* _Problem description_:
Produce a faithful copy of the data, one that leaves out the pictures.

* _Given material_:
◇ ◇ ◇
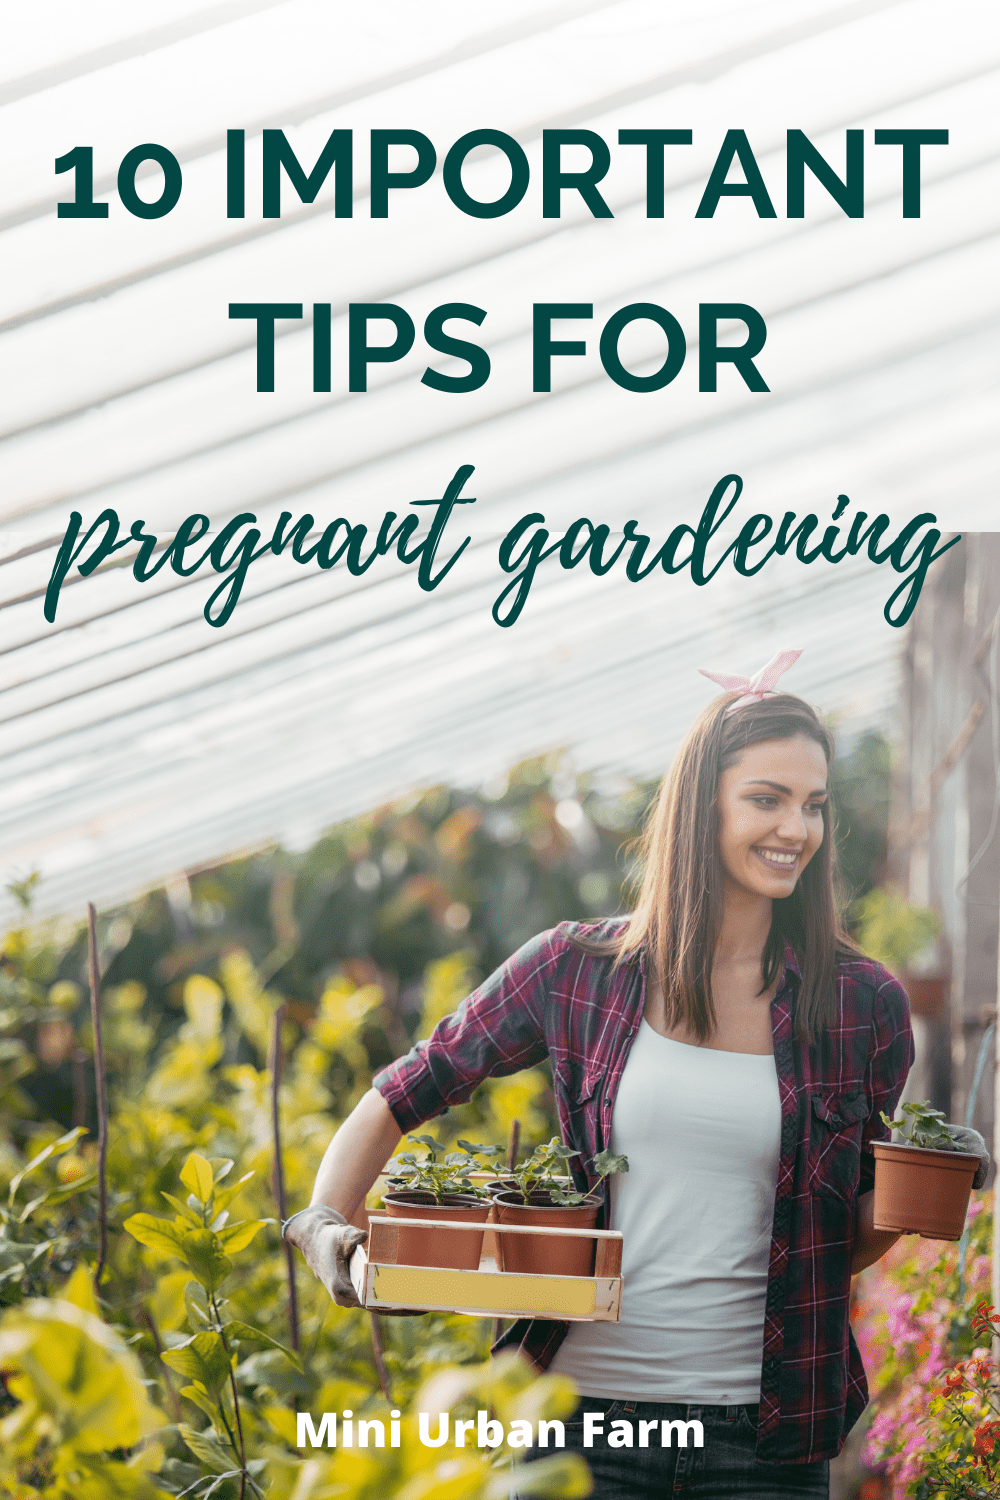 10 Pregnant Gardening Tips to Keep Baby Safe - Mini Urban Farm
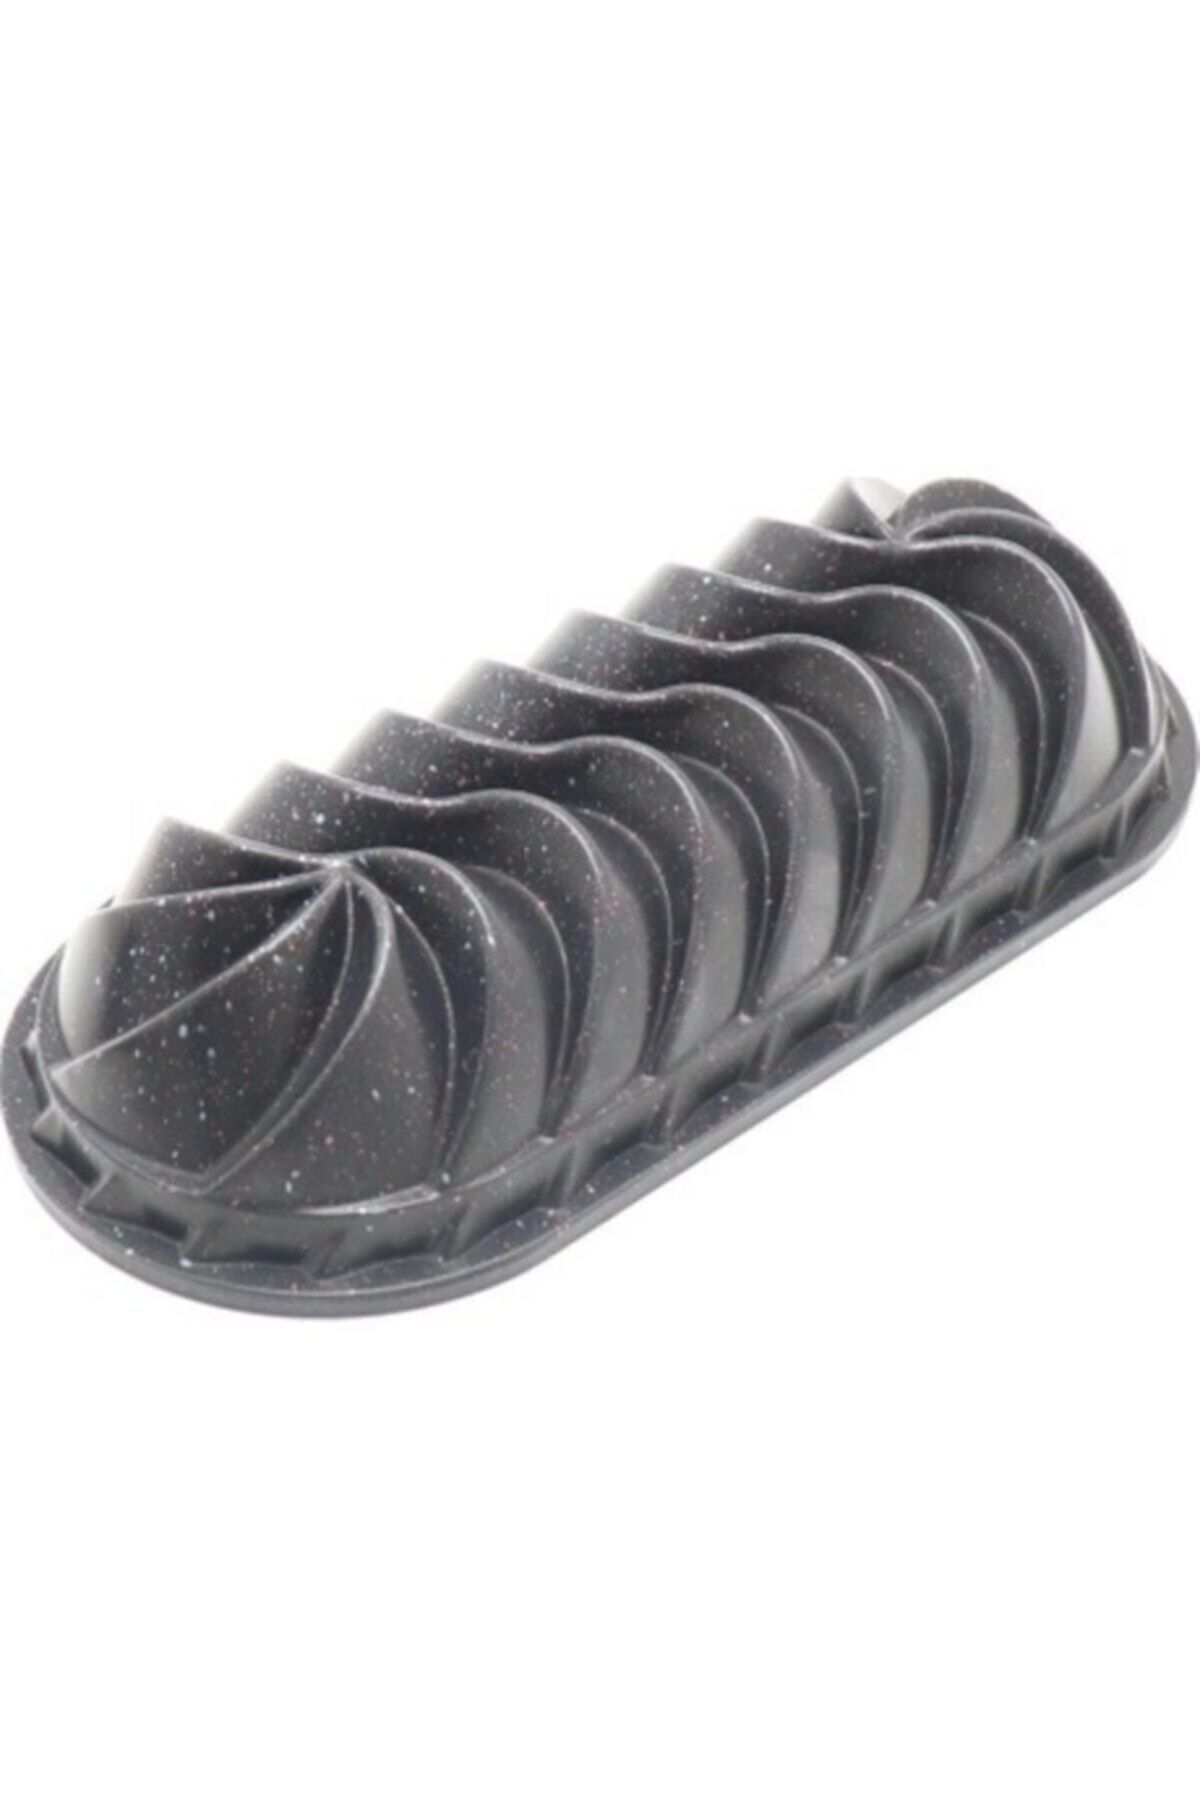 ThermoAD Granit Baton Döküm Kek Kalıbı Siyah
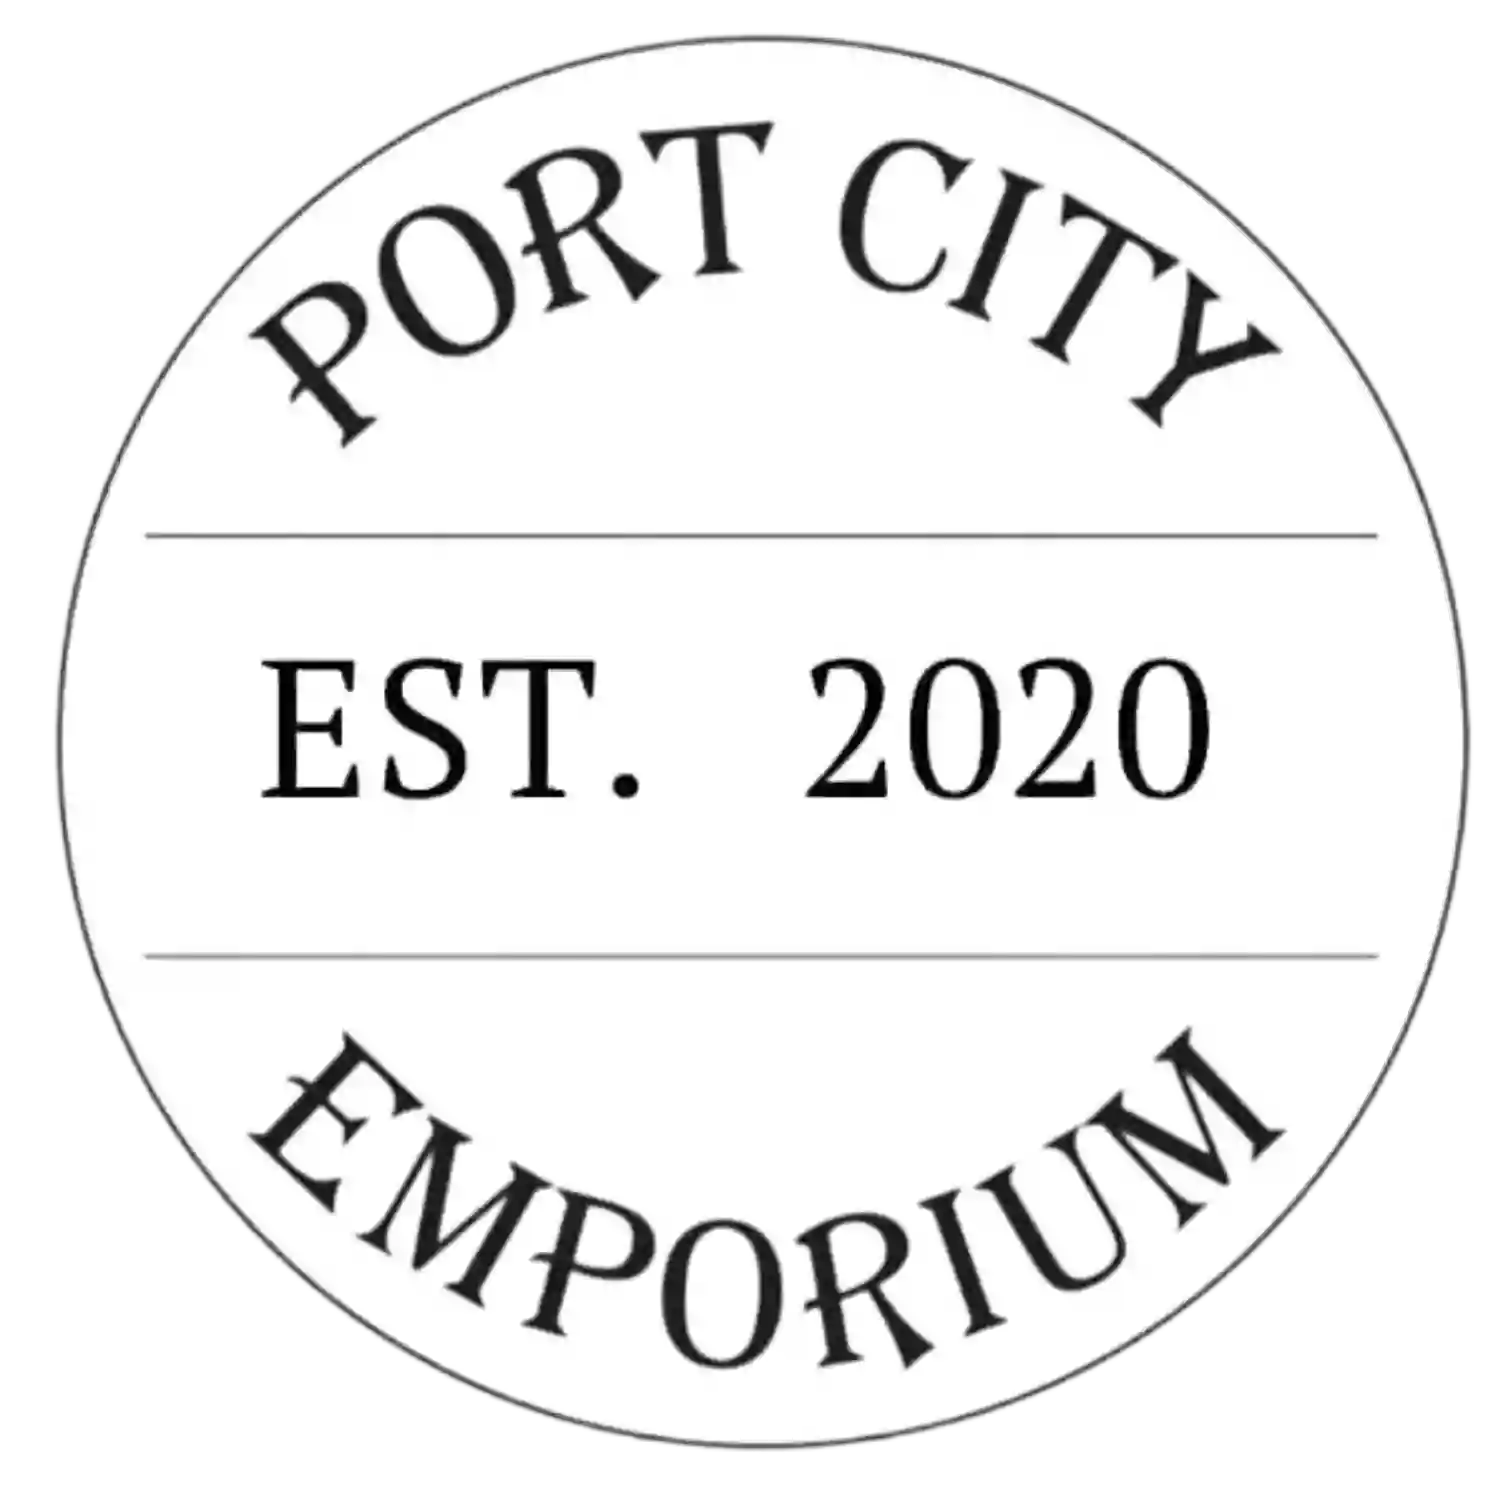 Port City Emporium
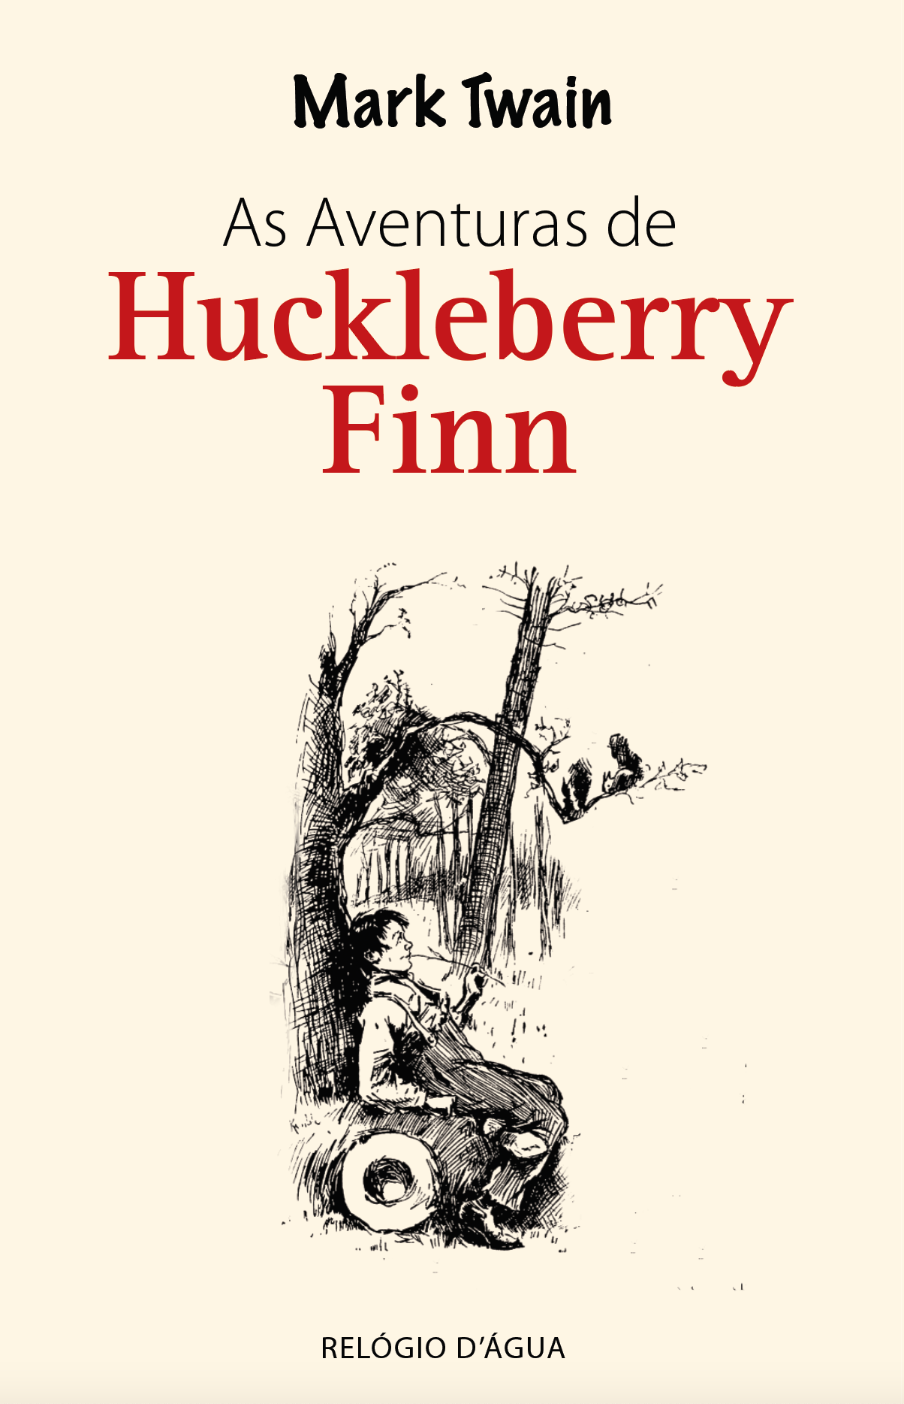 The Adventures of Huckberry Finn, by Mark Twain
◇ ◇ ◇
* _Answer to the problem_:
 10 Pregnant Gardening Tips to Keep Baby Safe - Mini Urban Farm
 ThermoAD Granit Baton Döküm Kek Kalıbı Siyah
 Port City Emporium
 The Adventures of Huckberry Finn, by Mark Twain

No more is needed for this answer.